CONCLUSION

Aux termes de leurs travaux, les rapporteurs spéciaux font le constat d'une situation particulièrement dégradée du bâti scolaire à Marseille, touchant l'ensemble des établissements. Cet état des lieux partagé par l'ensemble des acteurs, ville, enseignants, élèves et parents d'élèves nécessitait une réponse forte permettant une rénovation massive des établissements présentant pour certains des problèmes de sécurité importants.

Cette situation exceptionnelle a donc poussé le maire de la ville de Marseille, dans l'incapacité de rattraper dans des délais raisonnables l'absence ancienne et récurrente d'entretien des écoles, à solliciter l'aide de l'État qui a, lors de la loi de finances 2022, acté l'ouverture de 254 millions d'euros de subventions pour la rénovation de 188 écoles marseillaises.

Cette intervention de l'État, dans un domaine de compétence relevant exclusivement des communes, nécessite un suivi et un cadrage particulier qui pourraient largement être améliorés. Les rapporteurs spéciaux formulent plusieurs recommandations dans ce sens.

Cependant, en mettant de côté les améliorations possibles en termes de formalisme, force est de constater que les projets de rénovation et de construction font l'objet d'un portage politique fort, d'un investissement de l'ensemble des acteurs (préfecture, ville de Marseille et société publique des écoles marseillaises) et d'une structure juridique et opérationnelle créée ad hoc, la SPEM, permettant de mener ce chantier colossal.

Des doutes persistent toutefois sur la capacité à tenir le calendrier de 10 ans pour rénover et construire 188 écoles. Aussi, une montée en puissance de la SPEM est aujourd'hui nécessaire et des clarifications doivent être apportées sur le plan de financement.

Pour autant, les projets avancent, les premières réalisations devraient être livrées à la rentrée scolaire de septembre 2024 et les établissements livrés répondent aux enjeux actuels de transition écologique.

Ce volet « écoles » du plan Marseille en grand qui montre, pour l'heure, son efficacité doit donc être poursuivi avec un État qui doit tenir ses engagements financiers.

EXAMEN EN COMMISSION

Réunie le mercredi 19 juin 2024 sous la présidence de M. Claude Raynal, président, la commission a entendu une communication de M. Stéphane Sautarel, rapporteur spécial, et Mme Isabelle Briquet, rapporteure spéciale, sur le financement du volet « écoles » du plan « Marseille en grand ».

M. Claude Raynal, président. - Nous poursuivons par une communication de Mme Isabelle Briquet et M. Stéphane Sautarel, rapporteurs spéciaux de la mission « Relations avec les collectivités territoriales », sur le volet « écoles » du plan « Marseille en grand ».

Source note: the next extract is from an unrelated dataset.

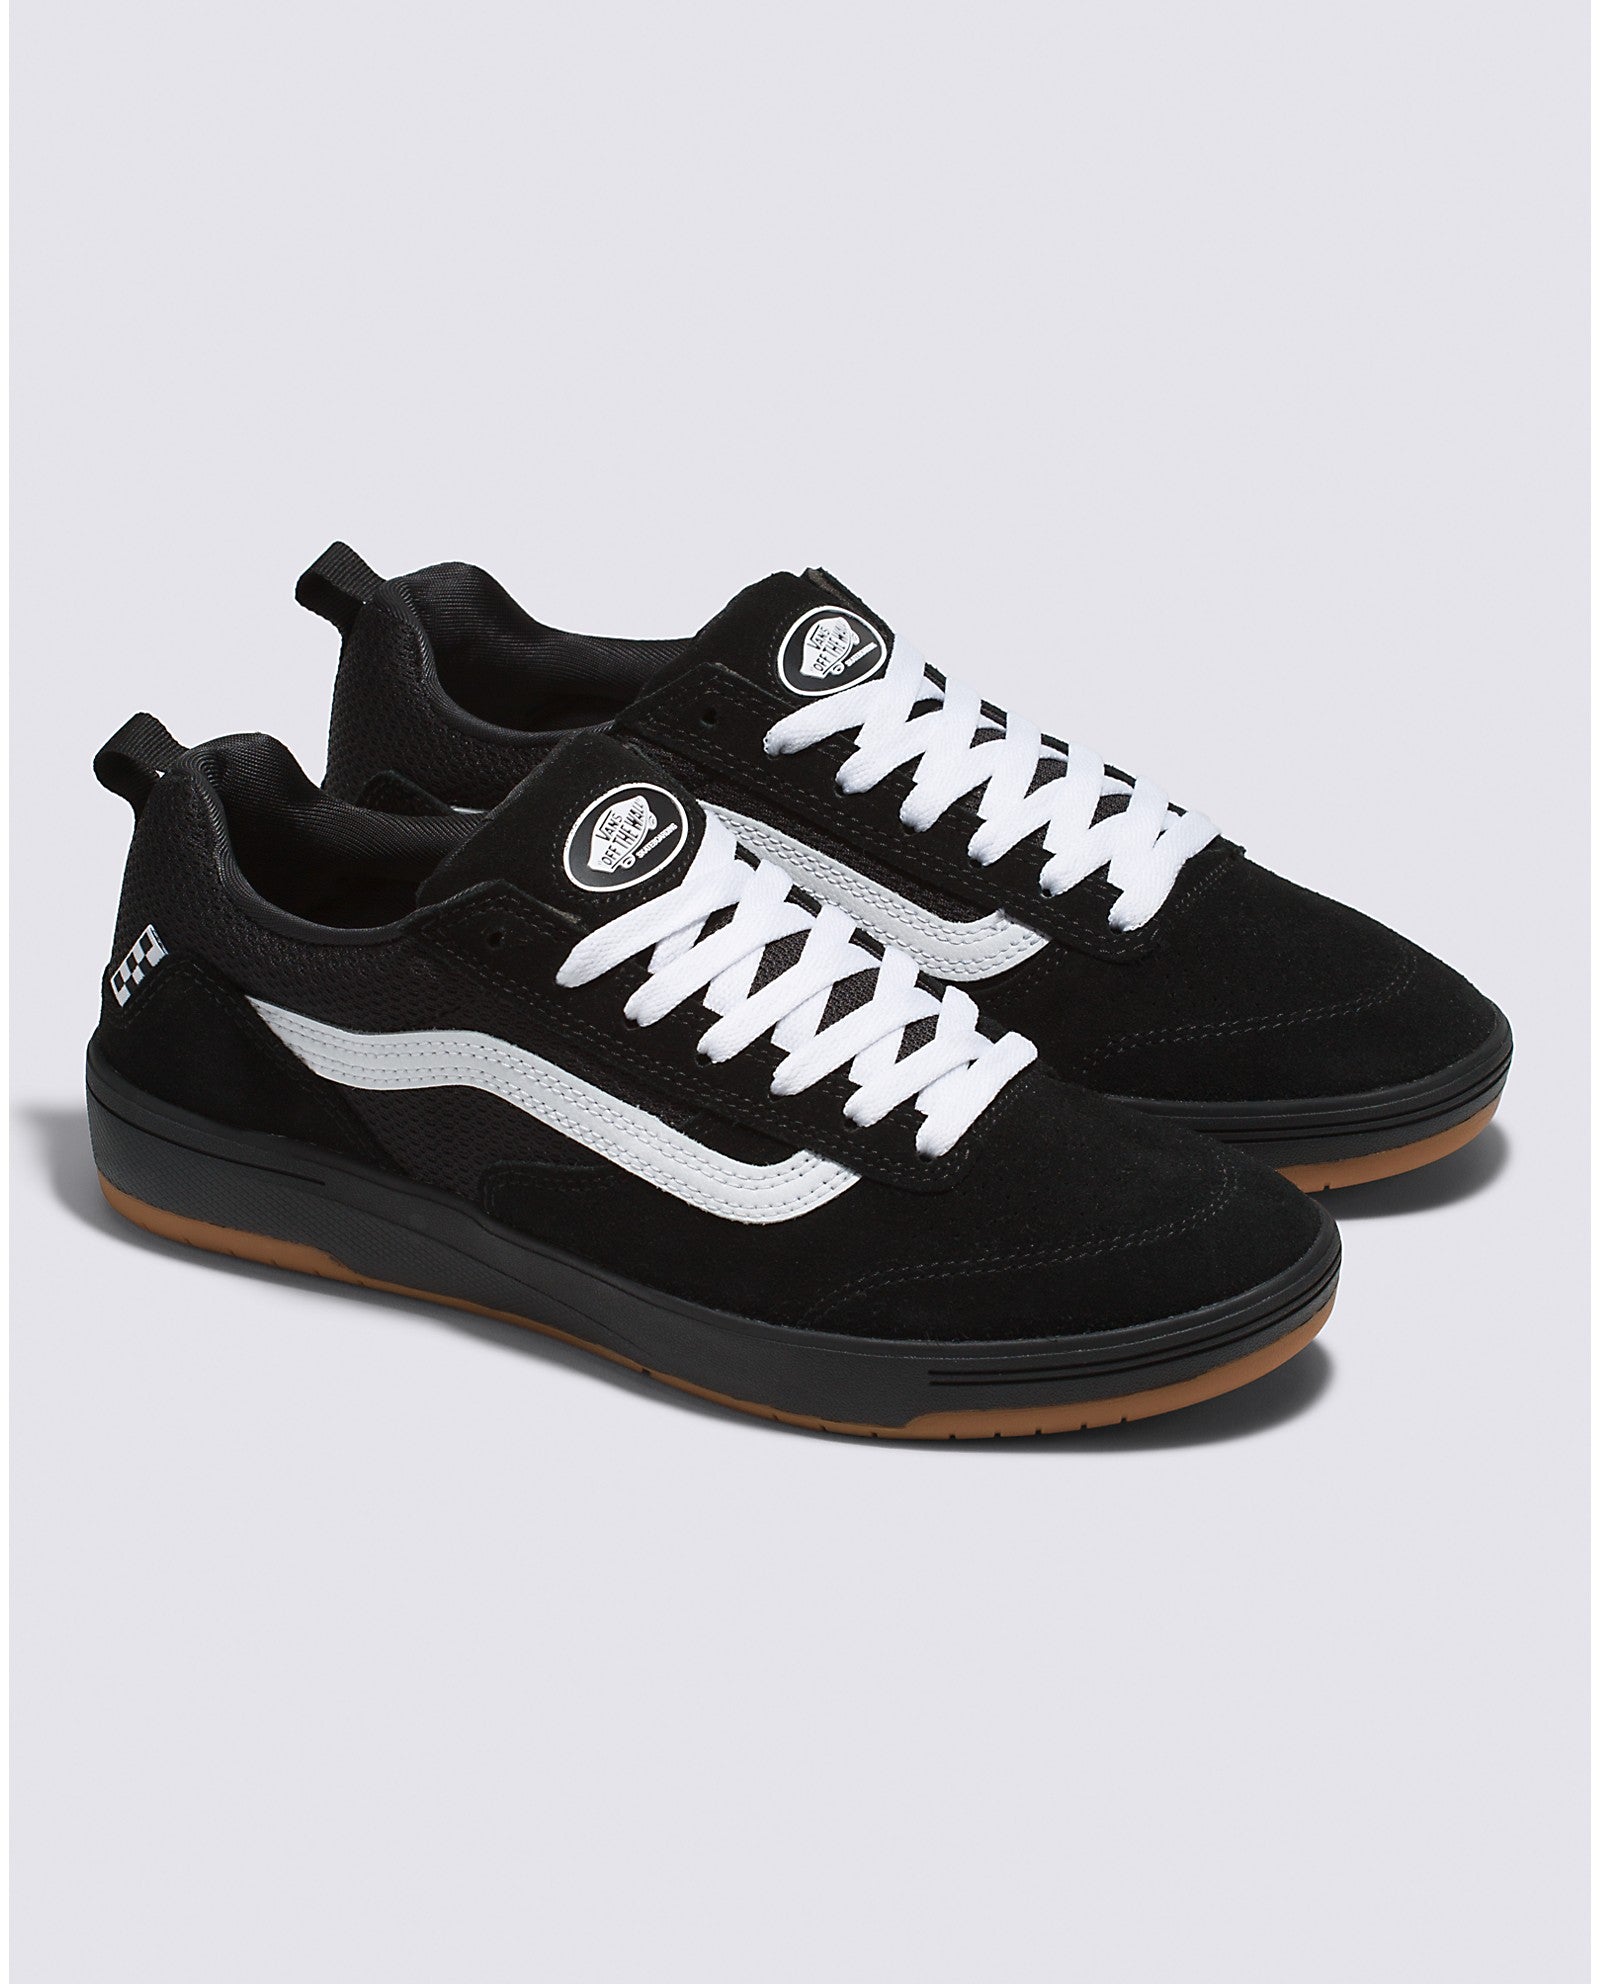 Black/White Zahba Vans Skateboarding Shoe

Mme Isabelle Briquet, rapporteure spéciale. - La loi de finances initiale pour 2022 a ouvert 254 millions d'euros de subvention exceptionnelle pour la rénovation des écoles de Marseille. Avec mon collègue Stéphane Sautarel, nous avons décidé de contrôler l'utilisation de ces crédits, ce qui nous a amenés, de manière plus large, à contrôler le financement du volet « écoles » du plan « Marseille en grand ».

Pour bien comprendre les enjeux, il paraît nécessaire de contextualiser l'origine de ce plan.

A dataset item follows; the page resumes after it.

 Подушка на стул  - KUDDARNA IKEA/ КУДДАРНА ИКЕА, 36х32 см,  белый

Le 2 septembre 2021, le Président de la République a annoncé le lancement du plan Marseille en grand, avec pour objectif principal le rattrapage des retards accumulés par la commune dans le développement de services majeurs pour la population. En effet, estimant que la deuxième ville de France cumulait de nombreuses difficultés économiques, sociales, scolaires, sécuritaires, financières et un déficit d'infrastructures publiques, et était traversée par des inégalités fortes, le Président a jugé qu'il était du rôle de l'État de soutenir, d'appuyer et d'accompagner la ville dans une profonde restructuration d'ensemble.

L'objet du présent propos et de notre rapport n'est pas de porter une appréciation sur l'opportunité d'une telle démarche, mais plutôt d'évaluer l'utilisation des crédits dédiés au financement du volet « écoles » du plan.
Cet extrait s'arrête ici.